The footprint of a baby stegosaur was recently found by an international team of palaeontologists. The single footprint was left by a cat-sized dinosaur around 100 million years ago in China. Lida Xing, associate professor, University of Geosciences (Beijing), found the first traces of the footprint following which an investigation was undertaken, a note on the website of University of Queensland said. Dr Anthony Romilio, a researcher at the University of Queensland and a member of the team that carried out the study, said the footprint was made by a herbivorous, armoured dinosaur known broadly as a stegosaur – the family of dinosaurs that includes the famed stegosaurus.

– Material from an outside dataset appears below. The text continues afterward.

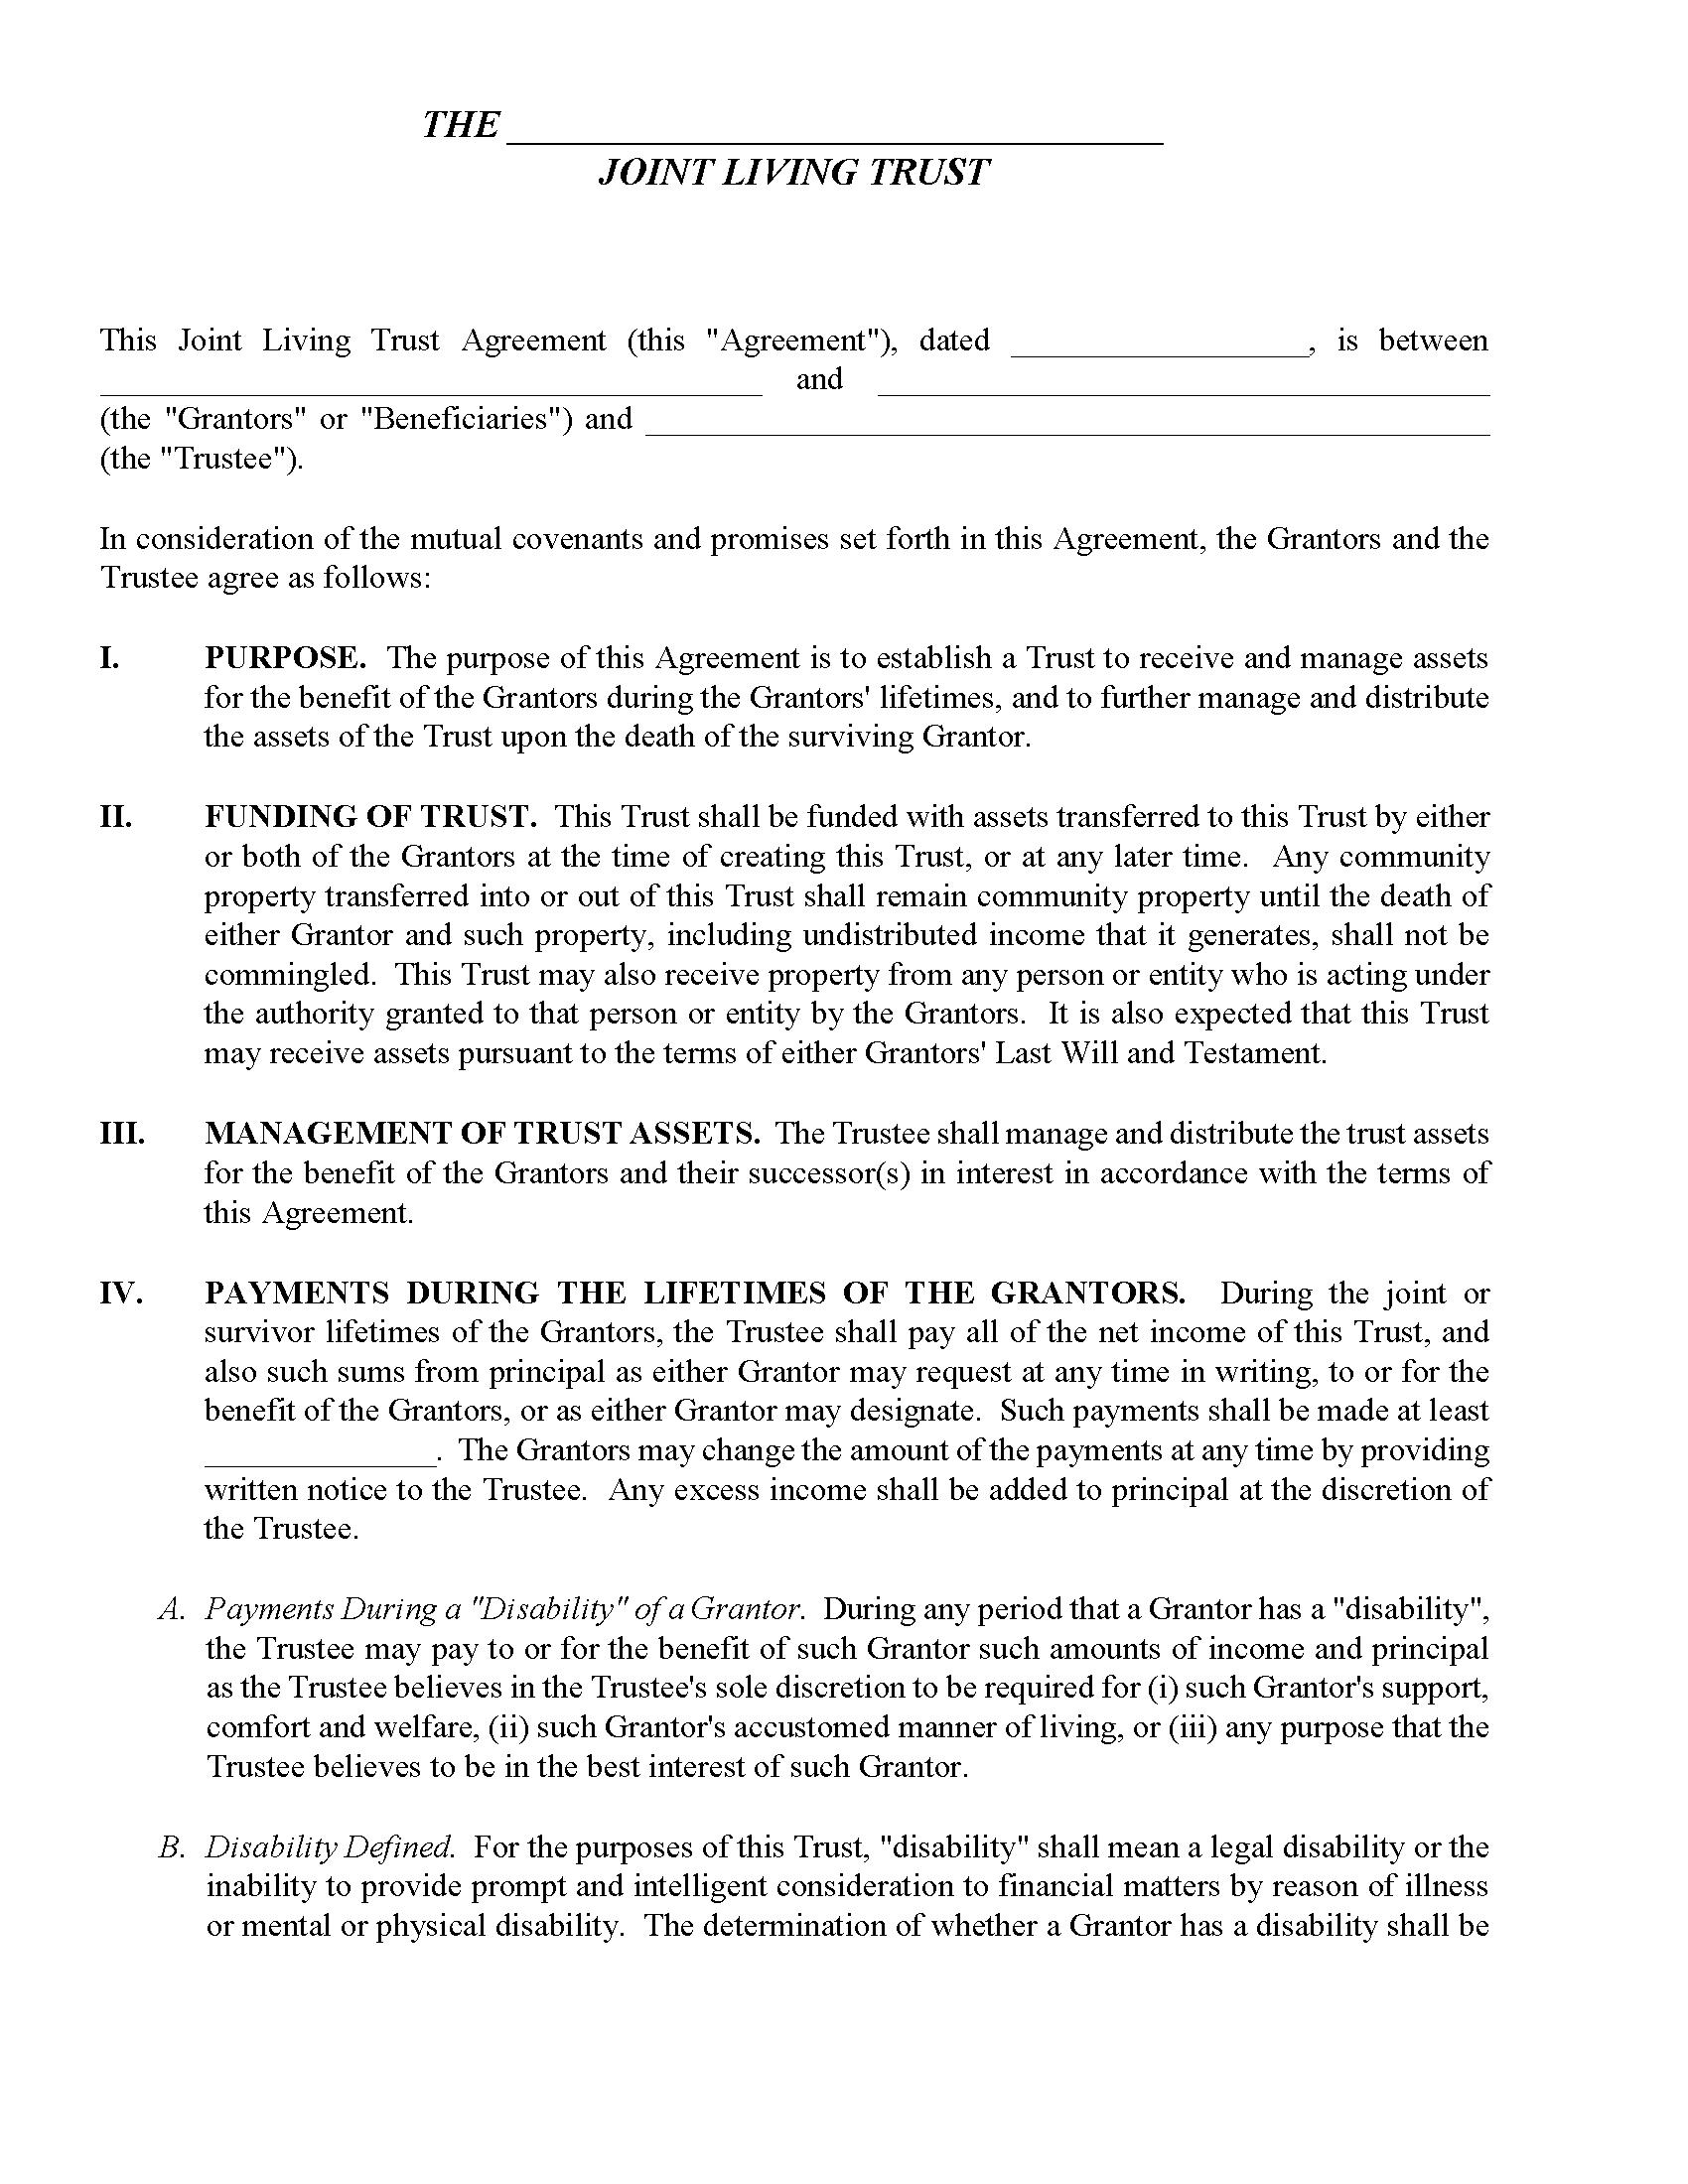 Minnesota Joint Living Trust Form

This little dinosaur, Dr Romilio said in an official note from the University of Queensland, probably had spikes on its tail and bony plates along its back as an adult much like the stegosaurus. At less than 6-centimetre, this is the smallest stegosaurus footprint known in the world, he said, adding this was in strong contrast with other prints found in China and that measured up to 30 centimetres. Similarly, the prints found in places such as Broome in Western Australia, too, were comparatively larger and measured up to 80 centimetres.

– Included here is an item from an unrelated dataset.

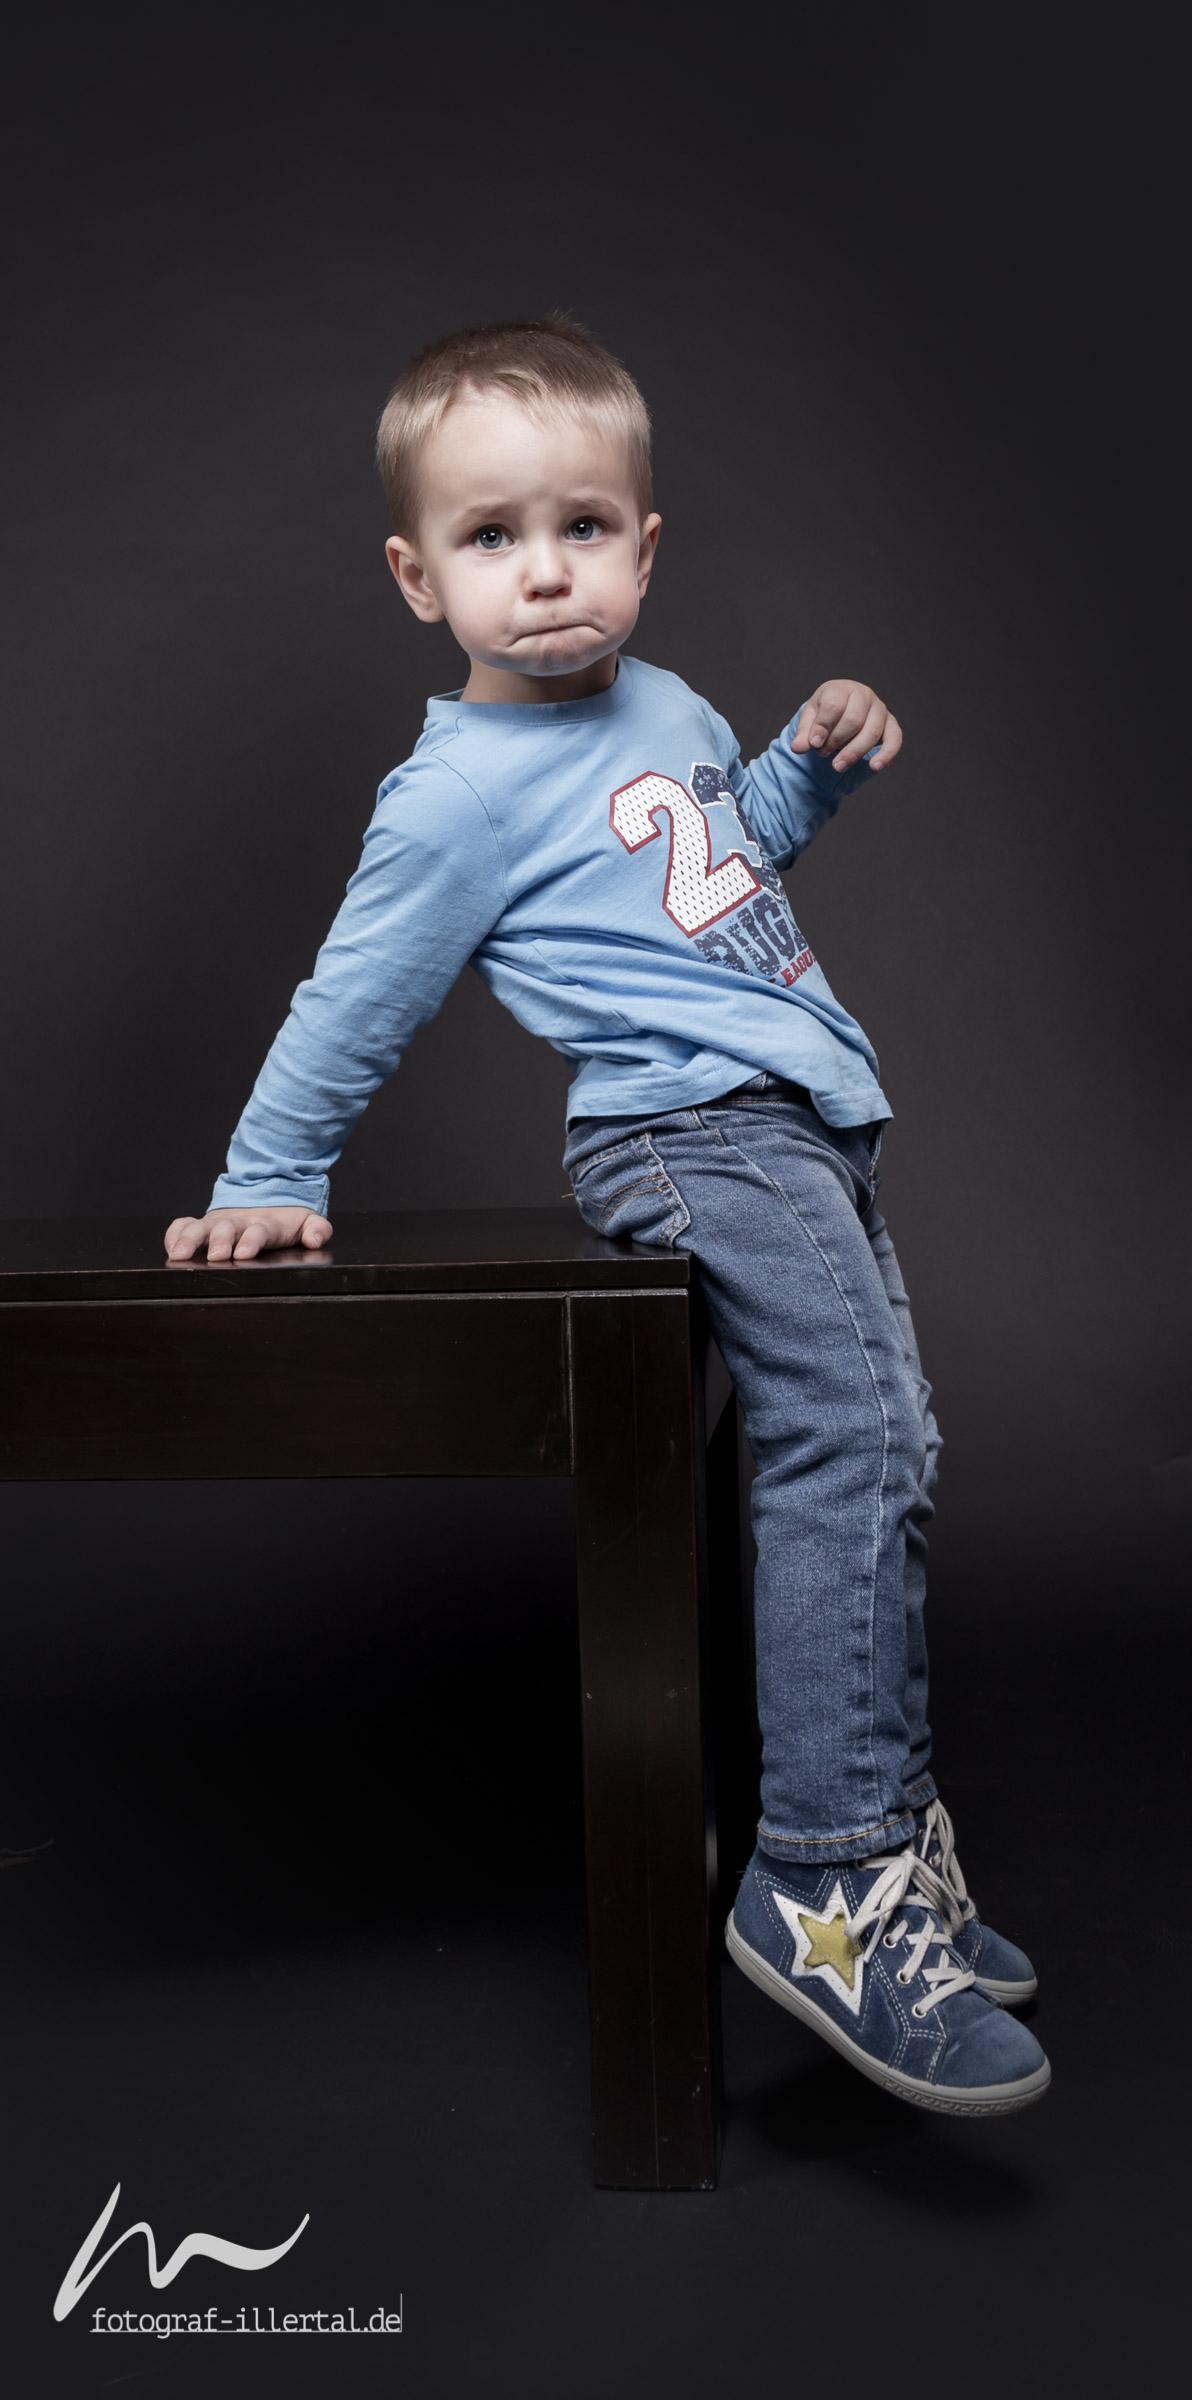 Fotograf Illertal-Christian Miller-Kinderfotos-Familienfotos-_MG_7281-Bearbeitet

The tiny footprint, according to researchers, had characteristics similar to that of other stegosaur footprints with three short, wide, round toe impressions. “Stegosaurs typically walked with their heels on the ground, much like humans do, but on all fours which creates long footprints,” Dr Romilio said.
But, he added, the tiny track indicated that this dinosaur was probably moving with its “heel lifted off the ground, much like a bird or a cat” does today. “We’ve only previously seen shortened tracks like this when dinosaurs walked on two legs.”
Associate professor Xing, who first discovered the footprint, said it was plausible young stegosaurus were toe-walkers. “This could be possible as this is the ancestral condition and a posture of most dinosaurs, but the stegosaur could also have transitioned to heel-walking as it got older,” Dr Xing said.
She said only a complete set of tracks of these tiny footprints would help us with the answer, but unfortunately “we only have a single footprint.” On crowded track sites, she said, finding the tiny prints will be challenging for the researchers. “The footprints made by tiny armoured dinosaurs are much rarer than those formed by other groups of dinosaurs,” Xing said.
She said the study had identified nine different dinosaur track sites from this locality, adding now they will look even closer to see if they can find more of these tiny tracks.